IBM has announced that it broke the industry record for speech recognition, creating a technology that recognizes spoken words ever closer to human parity.
Last year, IBM announced a major improvement in conversational speech recognition: a system that achieved a 6.9 percent word error rate. Since then, IBM Researchers have continued to push the boundaries of accuracy rates, achieving this historic milestone and setting an industry record of 5.5 percent, a 20% improvement from the rate than was reported six months prior.
“These speech developments build on decades of research, and achieving speech recognition comparable to that of humans is a complex task. At IBM, we are dedicated to creating the technology that will one day match the complexity of how the human ear, voice and brain interact,” said Michael Karasick, IBM Vice President, Cognitive Computing. “This progress will have important implications for how man and machine collaborate in the future, making the interactions more natural and productive. We believe it is only a matter of time before we achieve parity on speech recognition with humans.”
The success of speech recognition technology is measured against human parity, an error rate on par with that of two humans speaking. Previously, human parity was considered a 5.9 percent word error rate; IBM partnered with Appen, a speech and technology service provider, to reassess the industry benchmark and determined that human parity is lower than what anyone has yet achieved: 5.1 percent.
In the face of other industry claims, this research, in partnership with Appen, shows finding a standard measurement for human parity across the industry is more complex than it seems. As IBM continues to develop and improve upon this technology, its researchers will remain accountable to the highest standards of accuracy when measuring for it for the findings to be truly valuable.
“In spite of impressive advances in recent years, reaching human-level performance in AI tasks such as speech recognition or object recognition remains a scientific challenge. Indeed, standard benchmarks do not always reveal the variations and complexities of real data,” says Yoshua Bengio, leader of University of Montreal’s Institute for Learning Algorithms. “IBM continues to make significant strides in advancing speech recognition by applying neural networks and deep learning into acoustic and language models.”
“The ability to recognize speech as well as humans do is a continuing challenge, since human speech, especially during spontaneous conversation, is extremely complex,” Julia Hirschberg, a professor and Chair at the Department of Computer Science at Columbia University. “IBM’s recent achievements in speech recognition are quite impressive, as is IBM’s dedication to better understand how we measure the success speech technology and industry benchmarks.”

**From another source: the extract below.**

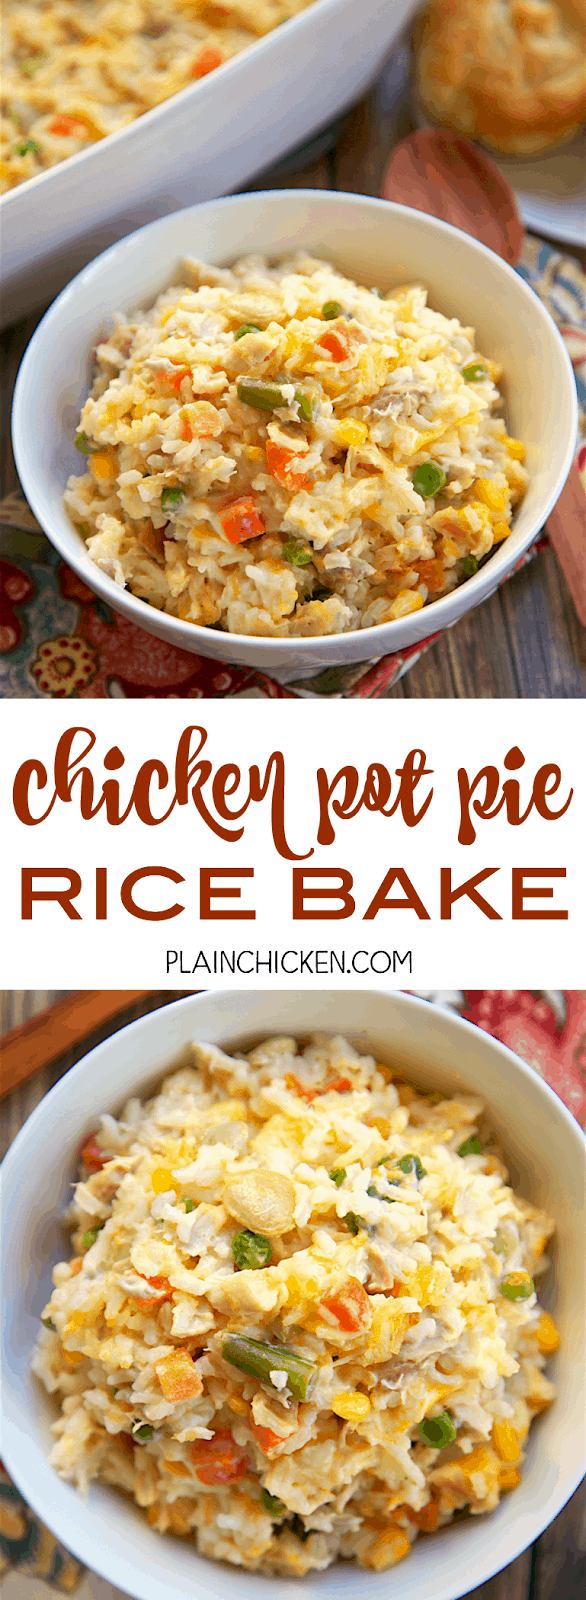 Chicken Pot Pie Rice Bake - chicken, mixed vegetables, cheddar, cream of chicken, sour cream and rice. Ready in 30 minutes! A whole meal in one pan. No need for extra sides!! We love to serve this with some buttermilk biscuits to complete the meal. Everyone loves this easy casserole dish!
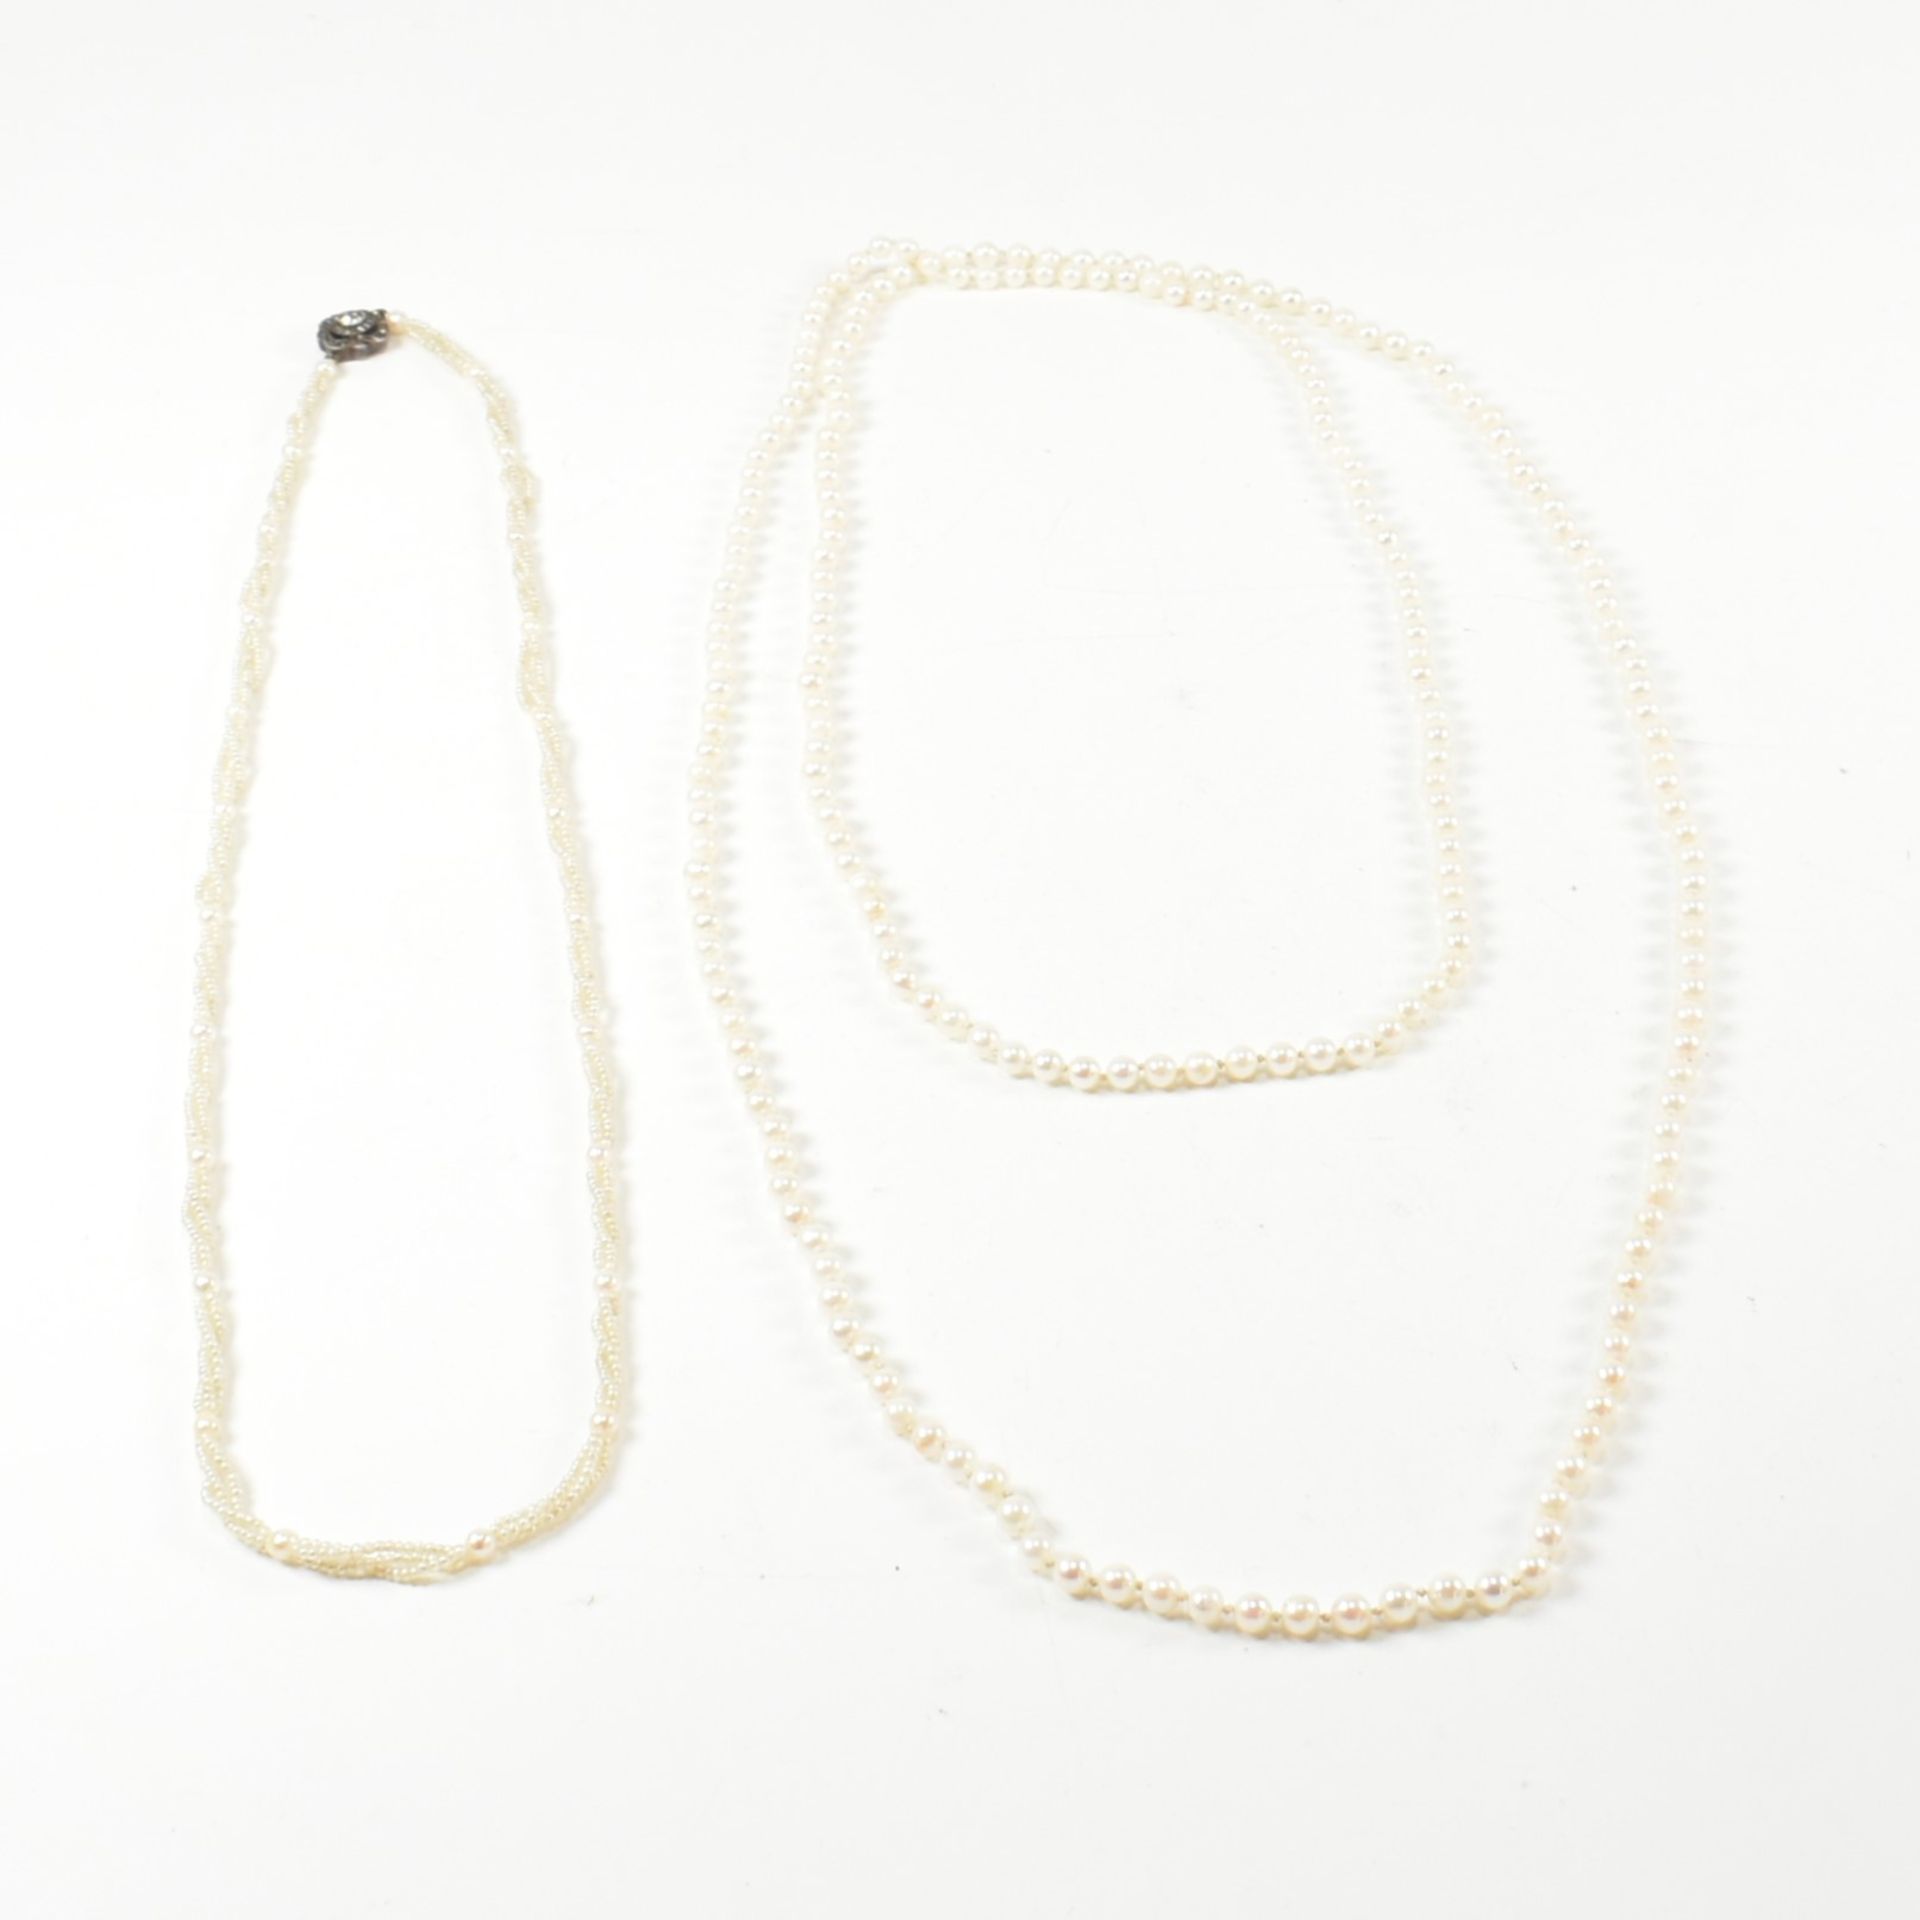 TWO PEARL NECKLACES - Image 4 of 6

Today’s achievement builds upon IBM’s recent advancements in language and speech technology, gained from IBM’s decades of experience researching, developing and investing in AI technology. These research developments are critical to advancing the development and adoption of cognitive around the globe; as we continue to strengthen and improve upon our speech and language technology, these updates will be embedded in the cognitive capabilities we offer via the Watson Developer Cloud.